Diesel creates carbon monoxide is my first thought.


----------



## azrancher (Dec 14, 2014)

dcaven said:


> I have a couple of fuel related questions.


Welcome to the forum, please introduce yourself and read the many old posts on storing gasoline.

*Rancher*


----------



## SOCOM42 (Nov 9, 2012)

You do not want to burn Diesel in an Aladdin lamp.

Kerosene is lighter and will not smoke like the other.

I tried it in one of mine a long time ago, smoked badly and the chimney blackened in about a half hour.

One of my 1930's wall lamps, each room has two of these along with Aladdin table types..


----------



## paraquack (Mar 1, 2013)

I rotate my gasoline stock yearly. Goes into car and get refilled. Yes StaBil has been wonderful in my RV. 
Never had a speck of fuel related problems.
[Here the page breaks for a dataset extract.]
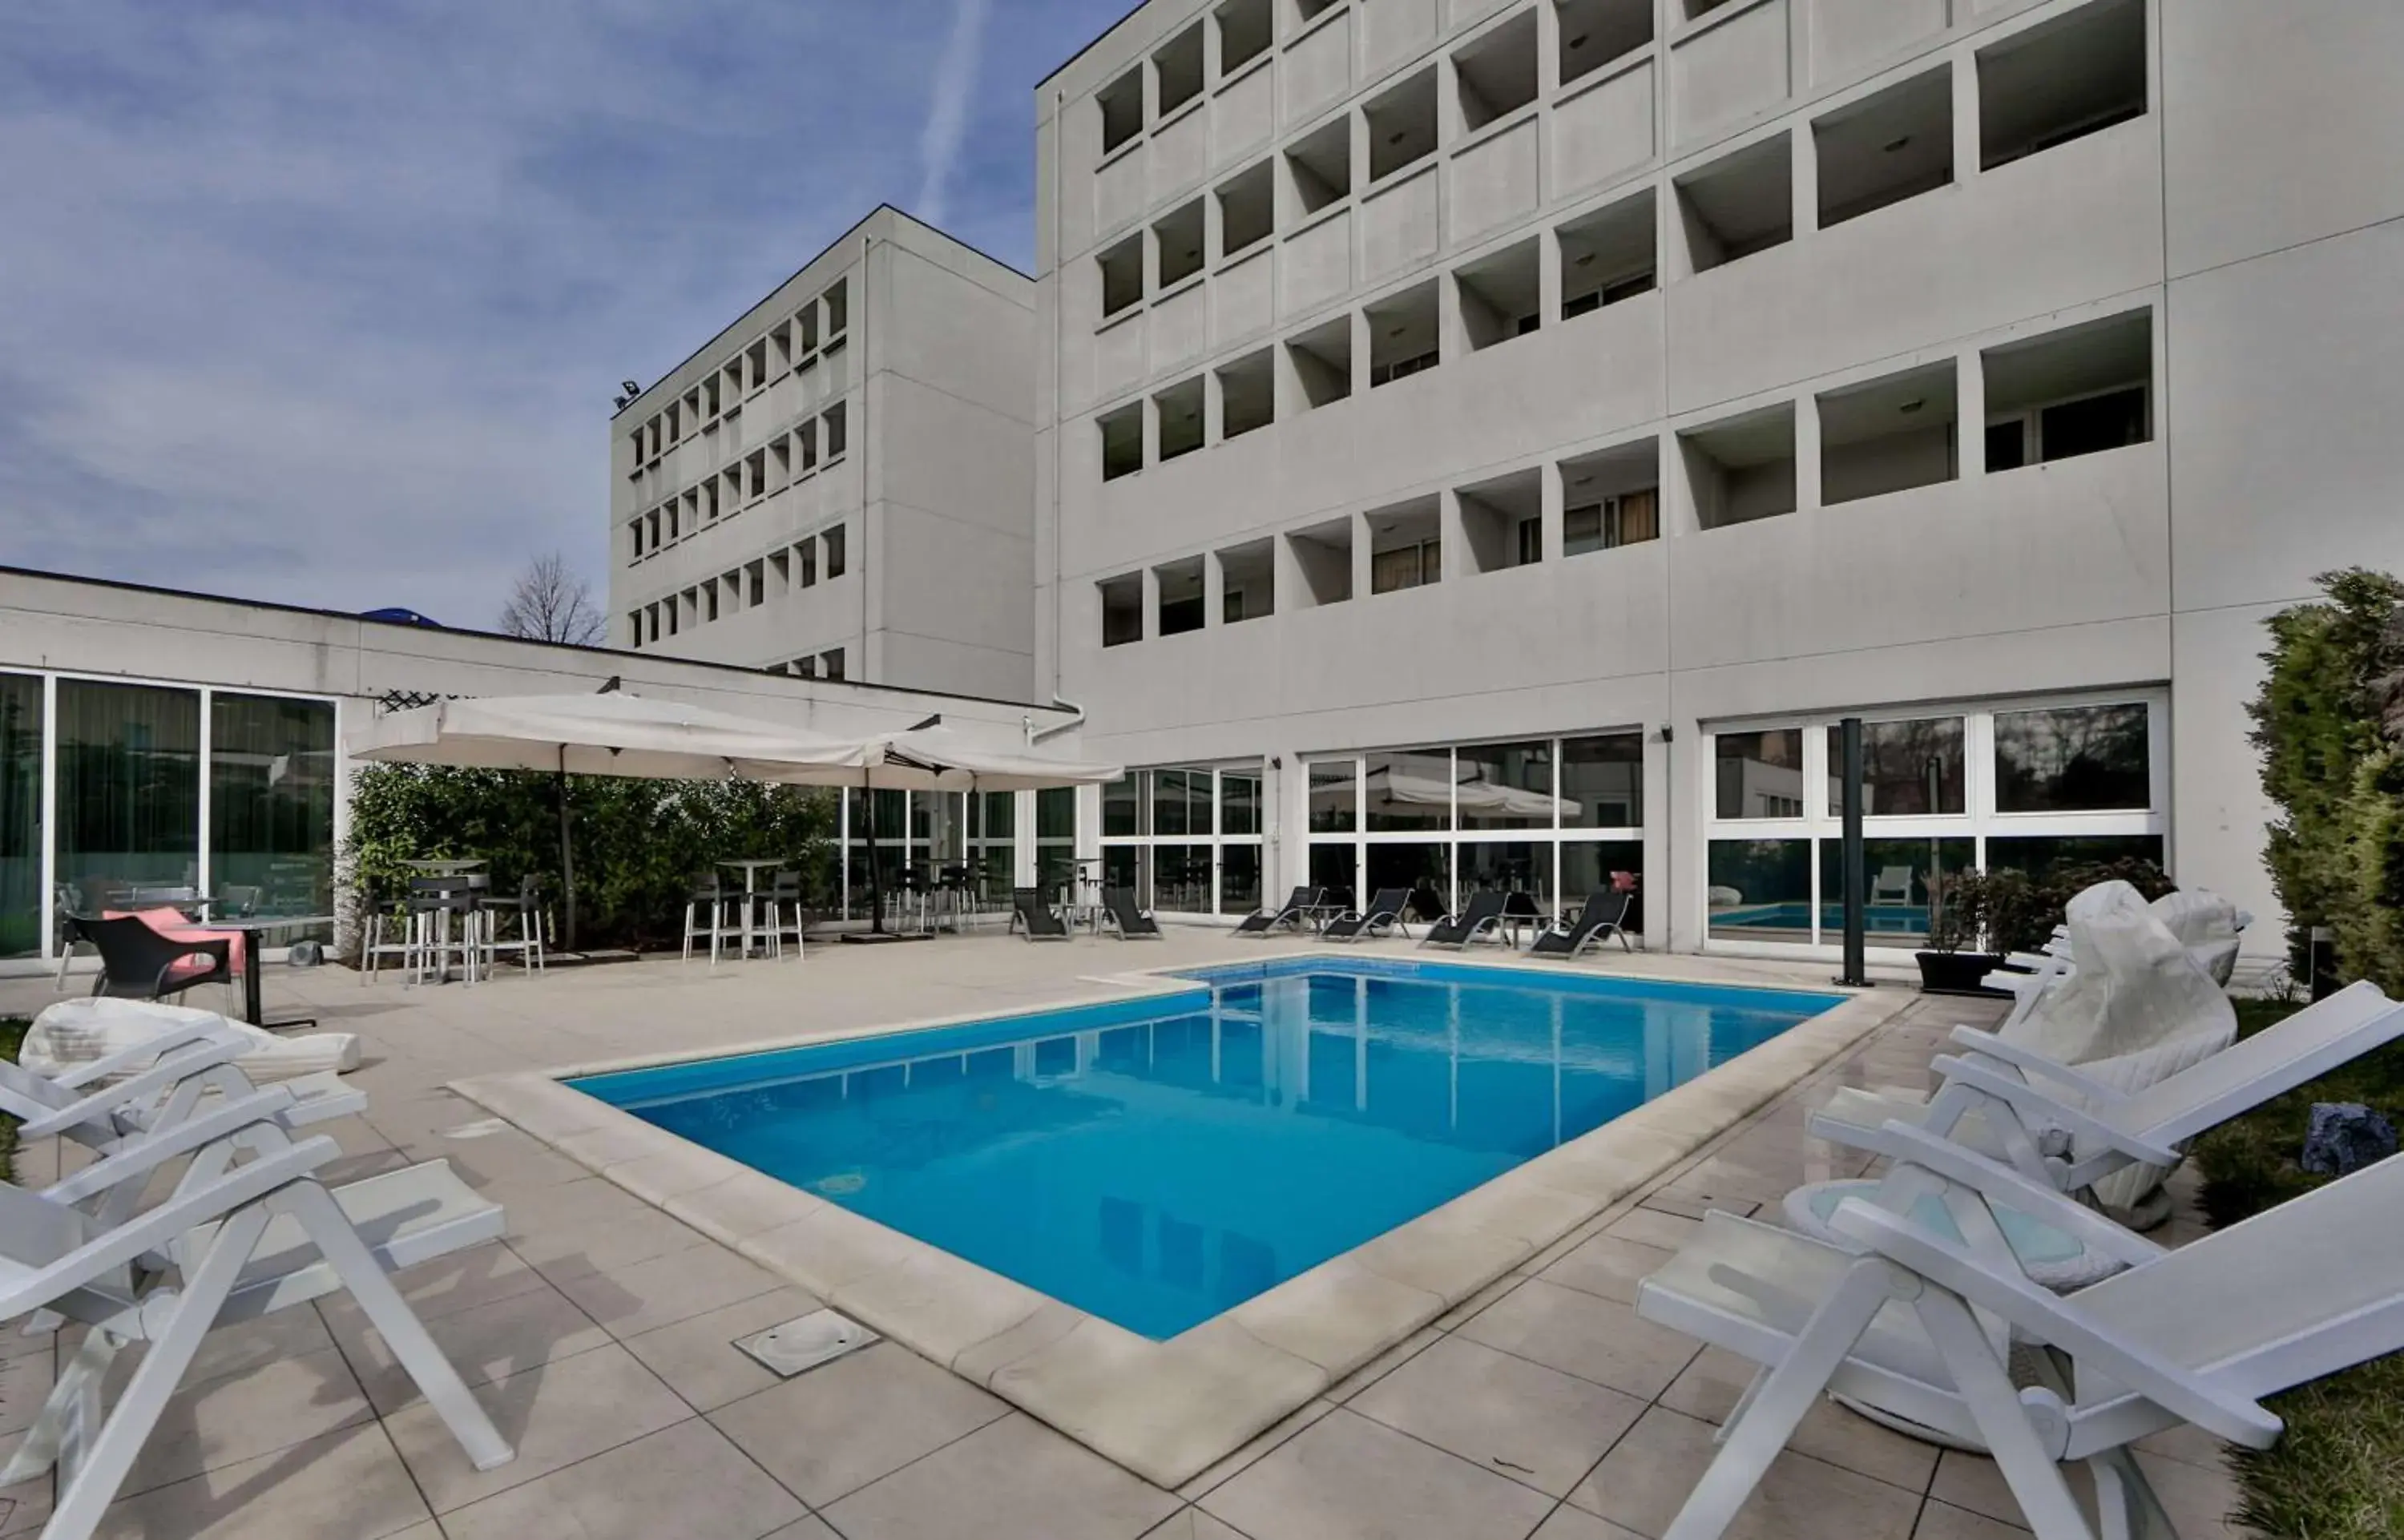 On site, Swimming Pool in Best Western Plus Hotel Farnese

Always fired up on first crank after sitting from Aug thru July.


----------



## Winston Smith (Oct 21, 2017)

A company called PRI makes a product much superior to Stabil. PRI-G (gas) PRI-D (Diesel). A small bottle treats over 250 gallons. It does a better job of keeping the gas from gelling, and keeps the octane up so it will fire when you need it. You should still rotate your gas, but you can go 3 or 4 years instead of 1 or 2.


----------



## Prepared One (Nov 5, 2014)

Winston Smith said:


> A company called PRI makes a product much superior to Stabil. PRI-G (gas) PRI-D (Diesel). A small bottle treats over 250 gallons. It does a better job of keeping the gas from gelling, and keeps the octane up so it will fire when you need it. You should still rotate your gas, but you can go 3 or 4 years instead of 1 or 2.


PRI-G? I have seen you mention this before I think. Available at Auto parts stores or Wallyworld?


----------



## Chiefster23 (Feb 5, 2016)

Pri-G and Pri-D is pretty expensive and not available to me locally. I get it from Amazon.com.


----------



## Winston Smith (Oct 21, 2017)

Chiefster23 said:


> Pri-G and Pri-D is pretty expensive and not available to me locally. I get it from Amazon.com.
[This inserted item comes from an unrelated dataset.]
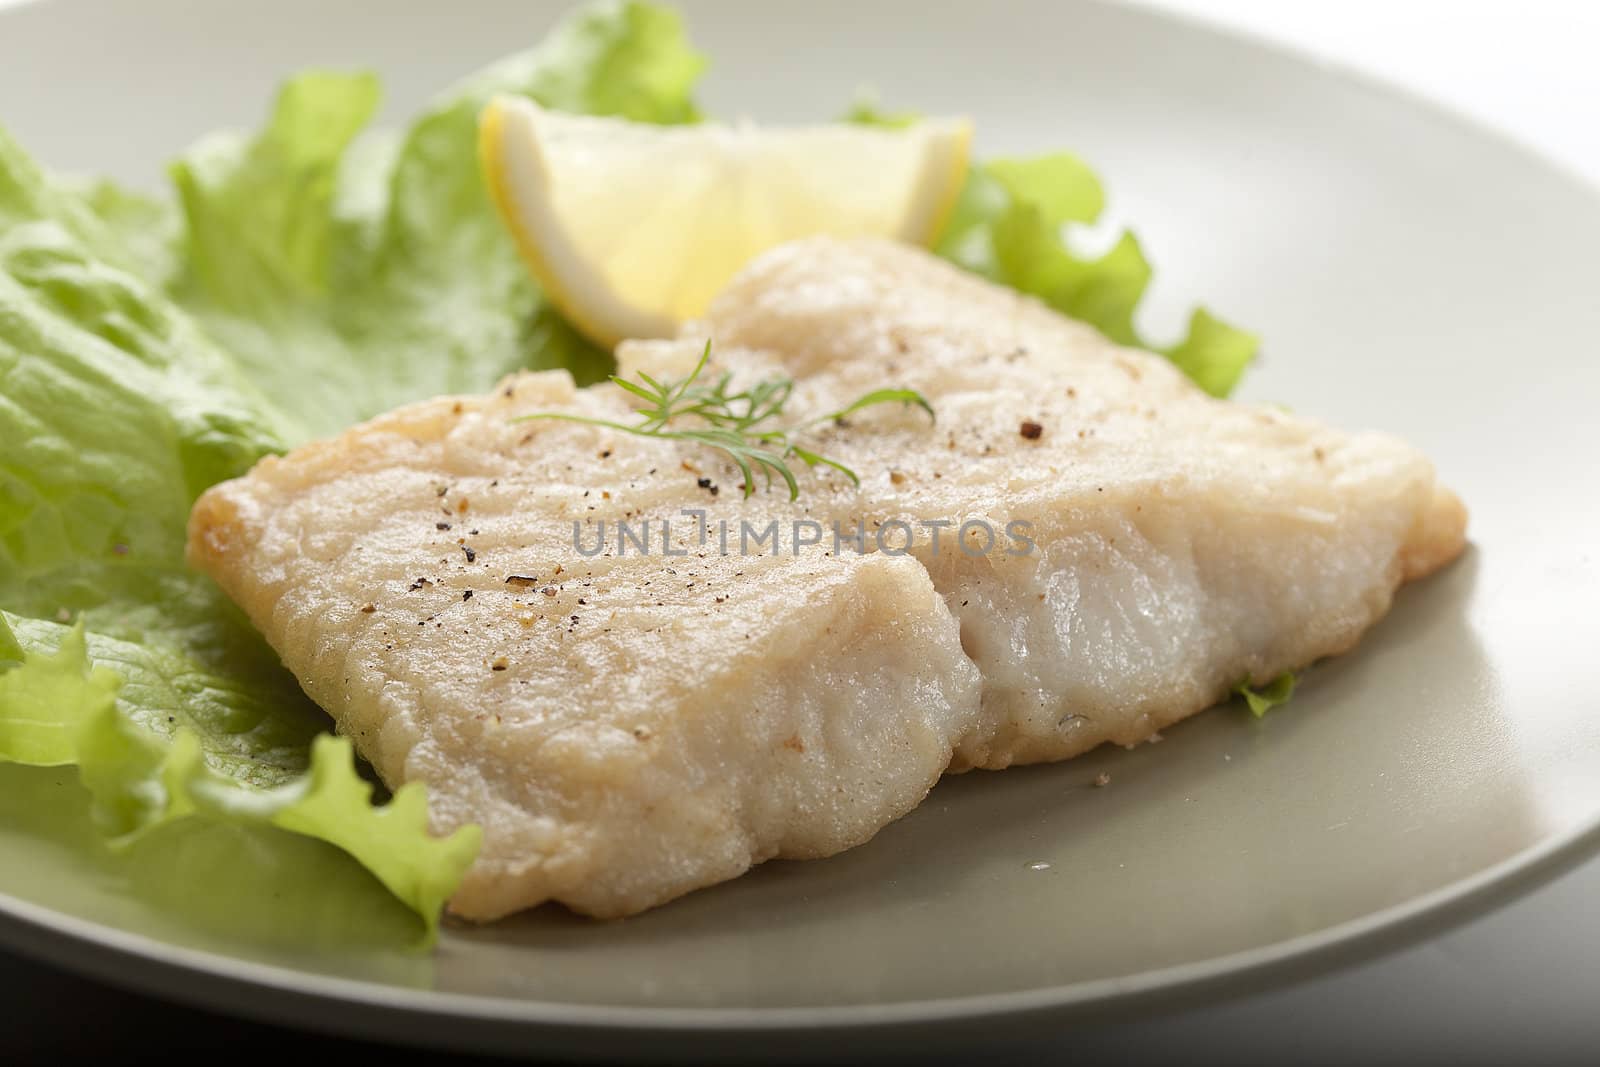 Fried fish by Angorius

And Wallyworld online. Free in-store pick-up. At $25 treating 256 gallons, that's just under a dime per gallon. Not too bad in my book.


----------



## Daddy O (Jan 20, 2014)

The only problem with fuel stabilizer is that its shelf life isn't much better than the fuel itself.
Right now I'm trying to research how hard it is to re-refine fuel, but it does not look good. Essentially you need some tricky equipment to keep from killing yourself.
Everything I have learned up to now indicates that you'd be better off manufacturing new fuel (moonshine).


----------



## tango (Apr 12, 2013)

Seafoam works with ethenol, real gas, and deisel.
When I found it, stopped using stabil.

I have used it for years, generator (sits idle all summer), pressure washer, yard tools and atv( sits all summer), all start easily.
Keep several 5 gal cans of gas in storage and each year dump them in vehicles and refill, never an issue.
Available at Walmart and some auto parts stores


----------



## Mad Trapper (Feb 12, 2014)

Proper storage,100LL AV gas will store for years without any stabilizer. But does have lead

For lamps the highly refined kerosene sold in 5-gal metal cans is your best bet besides lamp oil.


----------



## Brettny (Apr 26, 2017)

Ragnarök said:


> Diesel creates carbon monoxide is my first thought.


Every fuel that burns creates some kind of fume that people shouldnt be breathing.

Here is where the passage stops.